Trying to find functions with the given property:
Given $M>0, K$ compact in $\mathbf{R^n}$,$f:U\rightarrow\mathbf{R}$ a $C^2$ function, where $U$ open in $\mathbf{R^n}$ and $K\subset U$such that $D^2f_p(h,h)\geq M \times||\triangledown f_p||\times ||h||^2$ $\forall p\in K, h\in\mathbf{R^n}$
Tried many examples. Now, I am not even sure if such a function exists. The main problem is to get the inequality in all the directions. Any help is appreciated.
Such non-constant $f$ does not exist if $K$ is a sufficiently large ball, unless $n = 1$ (in which case $\exp(M^2 p^2)$ is an example).
Indeed, suppose that $K$ contains a ball of radius $R > \tfrac{1}{M}$ and $f$ satisfies the desired condition; that is, the quadratic form $D^2 f(p)$ is greater than $M \|D f(p)\| \times \|h\|^2$ at each $p \in \mathbb{R}^n$. In particular, $f$ is a convex function.
Define $g(r)$ to be the average of $f$ over the sphere $\{p \in \mathbb{R}^n : \|p\| = r\}$. It is then not very hard to see that the function $g(\|p\|)$ also satisfies the desired condition (see below). By evaluating this condition for $p = (r, 0, 0, \ldots, 0)$ and $h = (0, 1, 0, 0, \ldots, 0)$ we find that $$ \frac{g'(r)}{r} \geqslant M |g'(r)| , $$ which is, of course, not possible when $r > \tfrac{1}{M}$ unless $g'(r) = 0$.
It follows that $g$ is constant on $[\tfrac{1}{M}, R)$. This, however, implies that $f$ is an affine function on $B(0, R) \setminus B(0, \tfrac{1}{M})$ (again, see below). We conclude that $D^2 f(p)$ is identically zero in $B(0, R)$, and so $D f(p)$ is identically zero in $B(0, R)$, that is, $f$ is constant in $K = B(0, R)$.
Regarding the first "see below": the easiest way to see that $g(\|p\|)$ has the desired property is to use the expression $$ g(\|p\|) = \int_{SO(n)} f(O(p)) dO , $$ where $SO(n)$ is the class of all orthogonal matrices and $dO$ is the uniform measure (that is, the Haar measure) on $SO(n)$. The above integral does not increase the gradient (the gradient of $g(\|p\|)$ is not greater than the supremum of $\|D f(q)\|$ over $q$ such that $\|q\| = \|p\|$) and does not decrease the quadratic form (the second derivative of $g(\|p\|)$ is the average of matrices similar to $D^2 f(q)$ over $q$ such that $\|q\| = \|p\|$).

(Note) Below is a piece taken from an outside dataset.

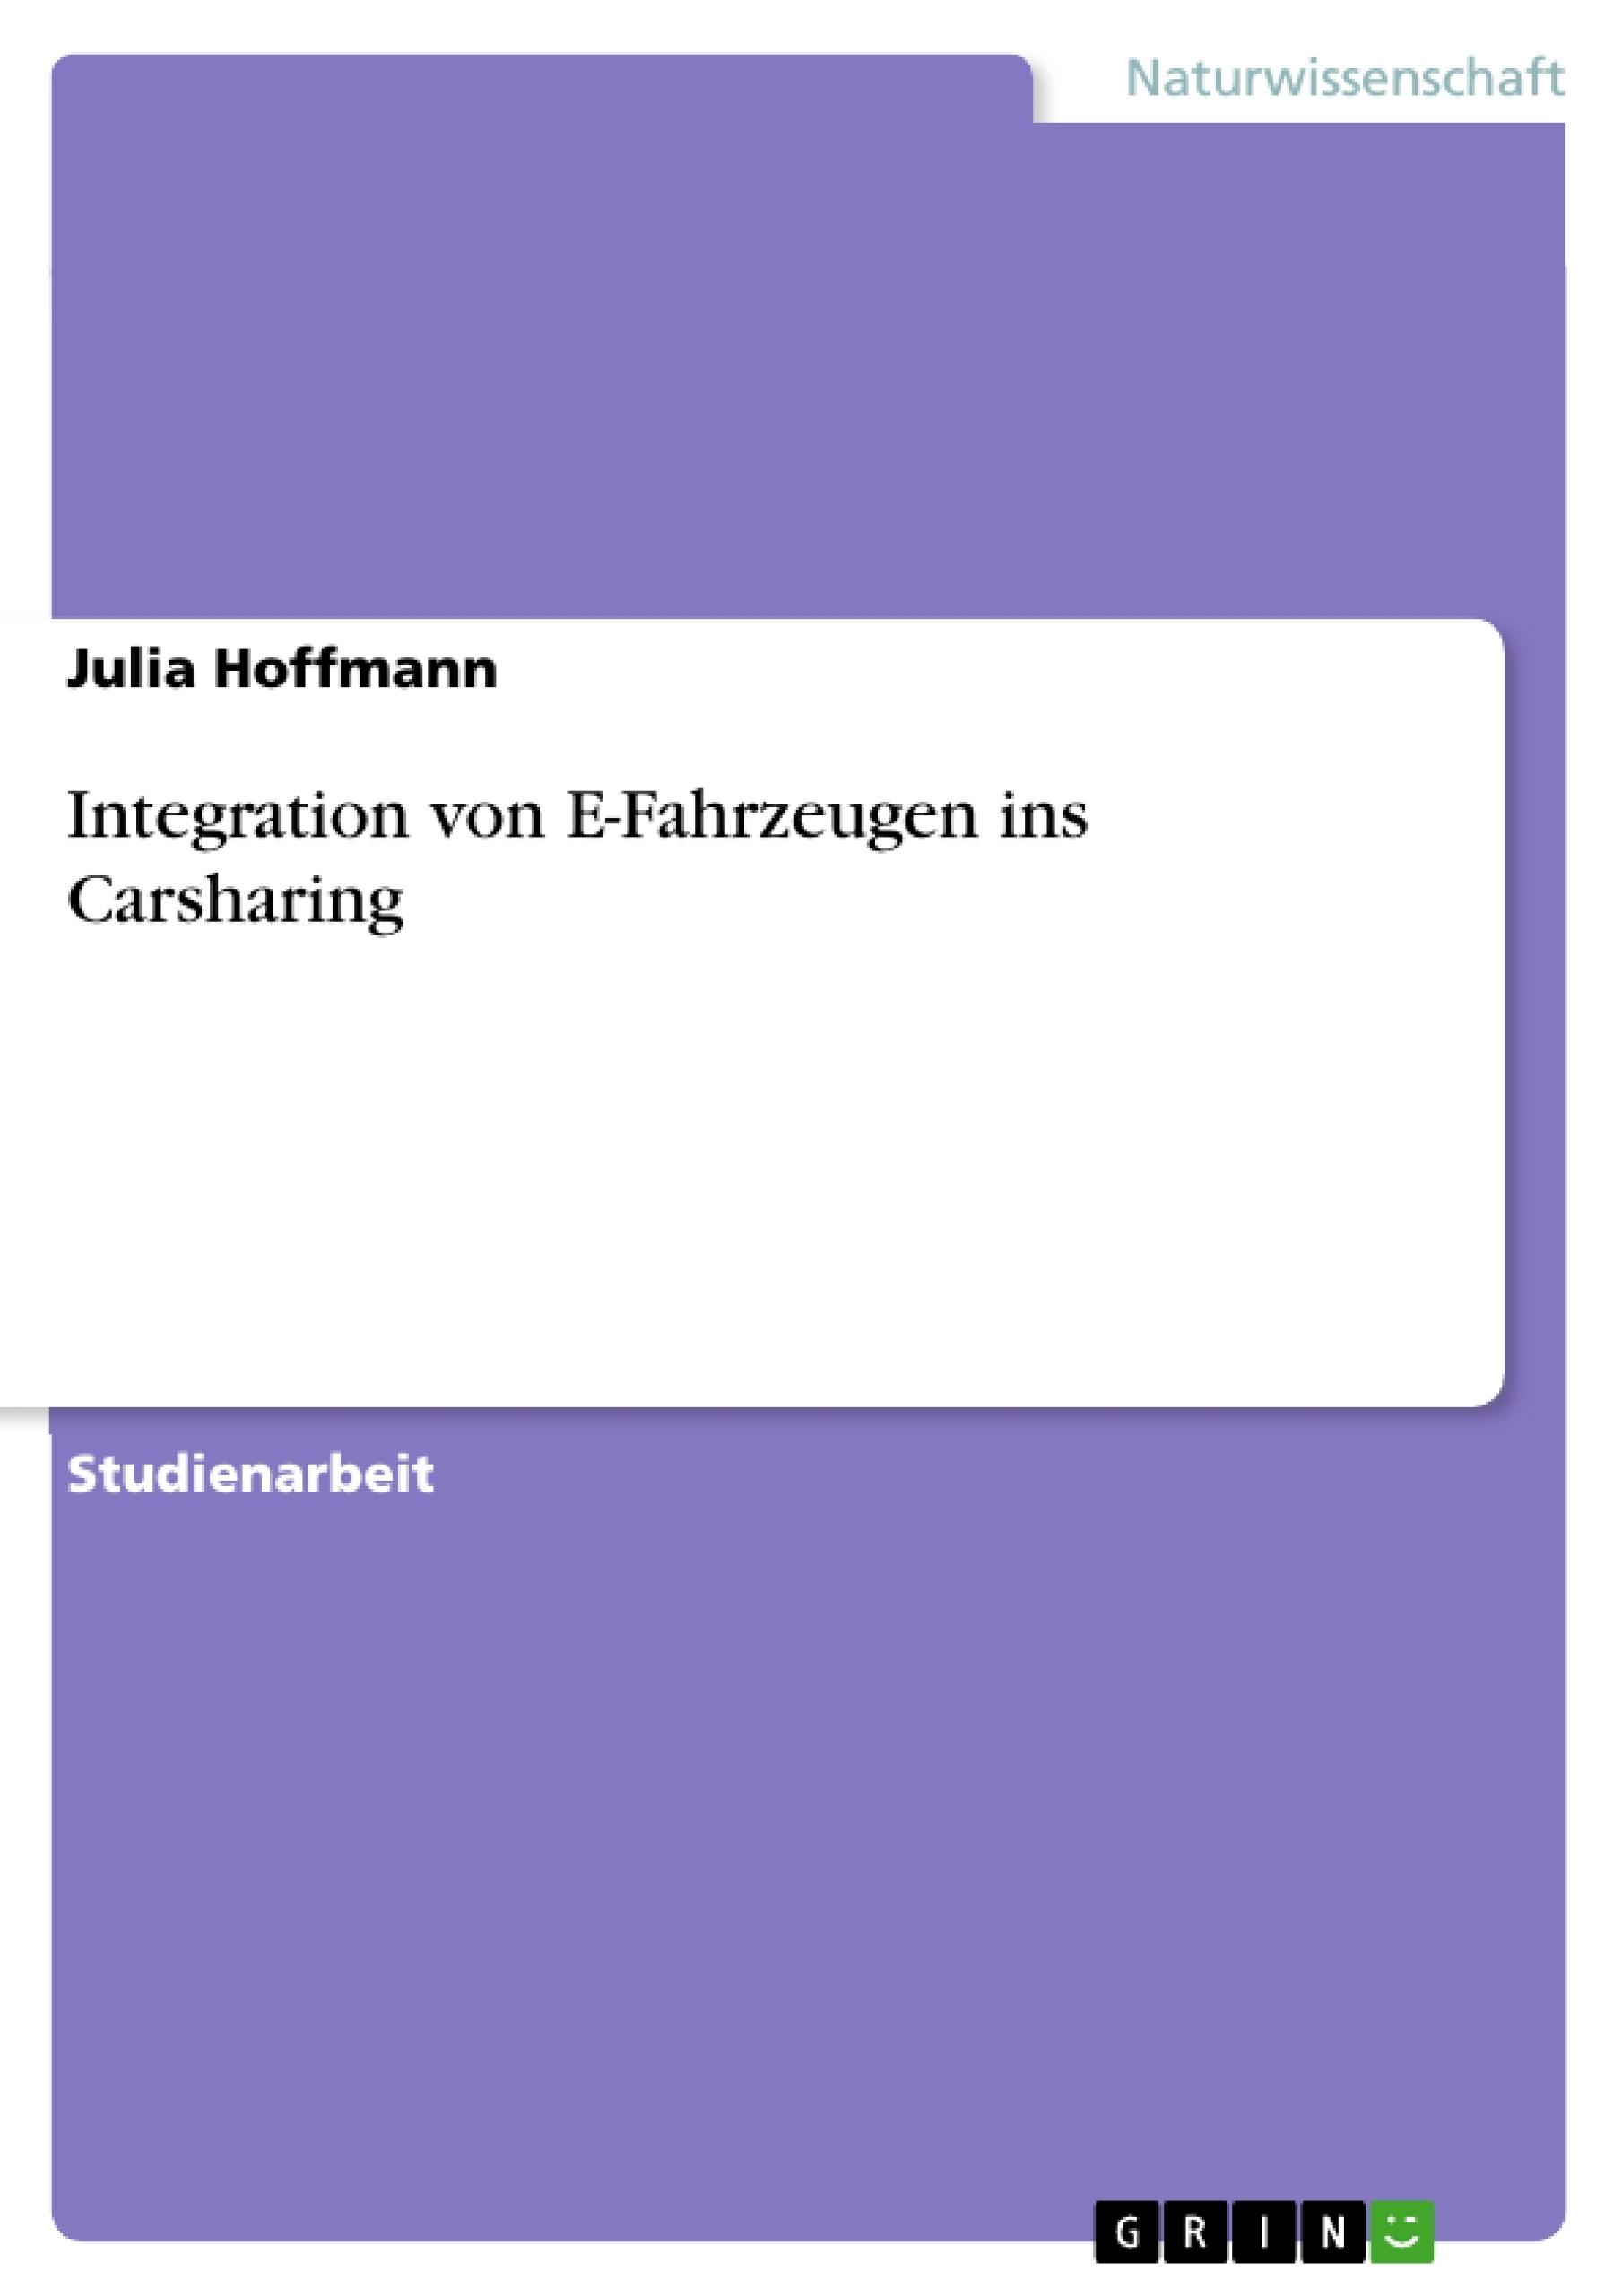 Titel: Integration von E-Fahrzeugen ins Carsharing

The other "see below" follows from the inequality $$ f(p) + f(-p) \geqslant f(\tfrac{r}{R} p) + f(-\tfrac{1}{M} p) \tag{$\star$} $$ for every $p$ with $\|p\| = R$ and every $r \in [0, R]$. This inequality is strict unless $f$ is linear on the interval $[-p, p]$. Integrating the above inequality over $p$ leads to $g(r) \leqslant g(R)$, with equality if and only if equality in ($\star$) holds for almost every $p$. It follows that $f$ is affine on almost all intervals $[-p, p]$ with $\|p\| = R$, and using again convexity of $f$ it is not very hard to see that $f$ is necesarily affine on $B(0, R)$.